Expanded gene familes are upregulated in parasitic stages

We identified genes and gene families that are likely to play a key role in the parasitic lifestyle of S. ratti and S. stercoralis, by comparing the transcriptomes of parasitic and free-living female stages. We generated S. ratti transcriptome data and used previously published S. stercoralis data[44]. A total of 909 S. ratti and 1,188 S. stercoralis genes were upregulated in parasitic females compared with free-living females (edgeR, fold change>2, FDR<0.01; Supplementary Tables 12, 13) of which 423 S. ratti and 457 S. stercoralis orthologous genes were upregulated in the parasitic female stage of both species (Supplementary Table 14).

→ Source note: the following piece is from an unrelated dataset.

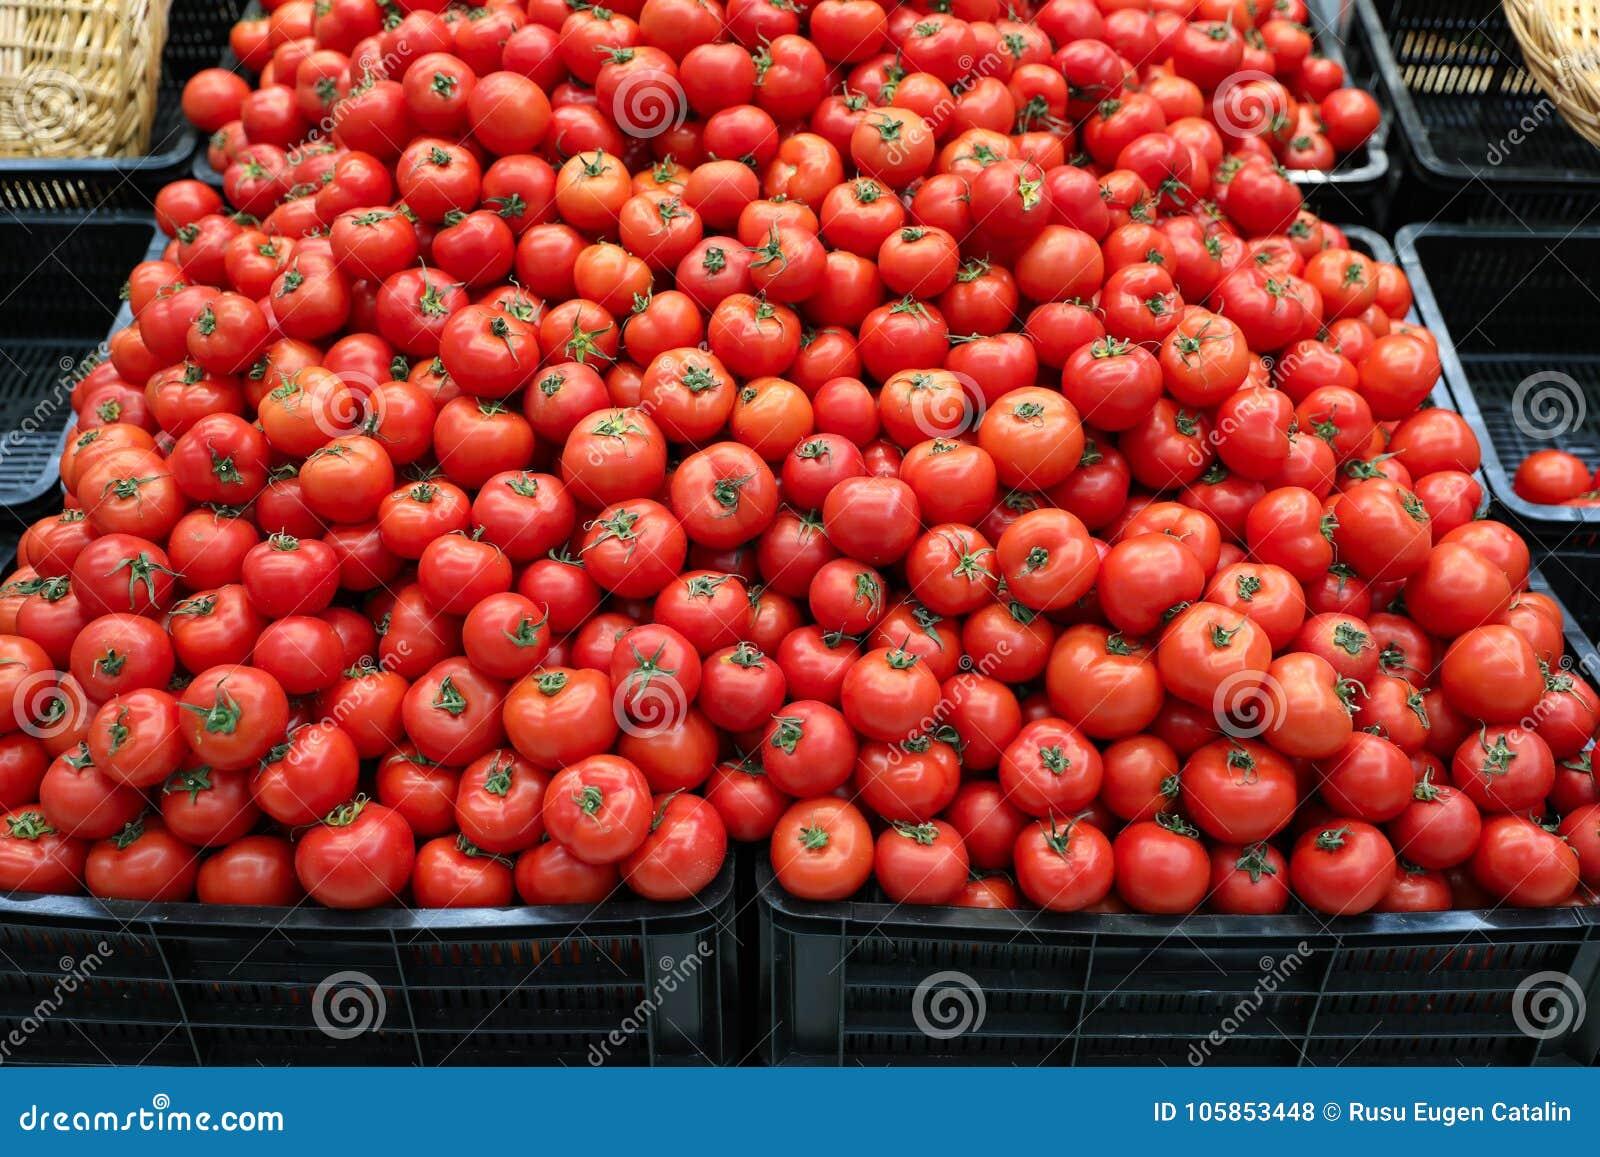 tomatoes bulk

The two most expanded Strongyloides gene families – SCP/TAPS[37] and astacin domain coding genes[45-48] – dominated the list of genes differentially expressed by the parasitic female. In S. ratti and S. stercoralis, respectively, 58 and 62% of putative astacin-like proteins and 57 and 71% SCP/TAPS genes were differentially expressed between parasitic vs. free-living females (Fig. 3; Supplementary Tables 10, 13). However, other paralogously expanded genes were not enriched among the upregulated genes suggesting they may not be important for parasitism. Both Strongyloides and Parastrongyloides infect their hosts by skin penetration; the larvae then migrate through the host, and adult females in the host live in the mucosa of the small intestine[49,50] where they feed on the host. Astacins are metallopeptidases that have previously been associated with a role in tissue migration by nematode infective larvae[46,51]. Around half of the putative astacin-like proteins in Strongyloides spp. contain the canonical zinc binding motif (HEXXHXXGXXH) of astacin active sites and likely have a role in penetrating the host mucosa in which the parasitic females live. Teasing apart the role of different astacin gene family members in the migration and gut-dwelling phases of this life cycle could provide insights to allow new therapeutic interventions to be developed. For S. ratti and S. stercoralis respectively, 63 and 53% of the SCP/TAPS genes upregulated in the parasitic female encode a signal peptide suggesting that they may be secreted from the worm into the host. An immunomodulatory role for SCP/TAPS proteins has also been proposed based on the inhibitory effect that these proteins have on neutrophil and platelet activity in hookworm infections[37,52,53].
Fig. 3

The parasitic female, free-living female and infective third-stage larvae transcriptomes of Strongyloides spp

The progeny of the parasitic female pass out of the host (as larvae for S. stercoralis, or eggs and larvae for S. ratti) where infective third stage larvae (iL3s) can develop directly, or free-living males and females develop, whose progeny develop into iL3s; iL3s then infect hosts. The human parasite, S. stercoralis, can undergo internal auto-infection (grey dashed line) where iL3s develop and internally reinfect the same host. The transcriptome of the parasitic females, free-living females and iL3s were compared for S. ratti and S. stercoralis. Representative GO terms that were significantly enriched (left-hand side area of box) and Ensembl Compara gene families significantly upregulated (right-hand side of box) for each of these three stages of the lifecycle is summarized. The pie charts show the proportion of the GO terms common to S. ratti and S. stercoralis, or unique to either. Numbers in the right-hand side of boxes represent the number of genes upregulated in each gene family for S. ratti and S. stercoralis.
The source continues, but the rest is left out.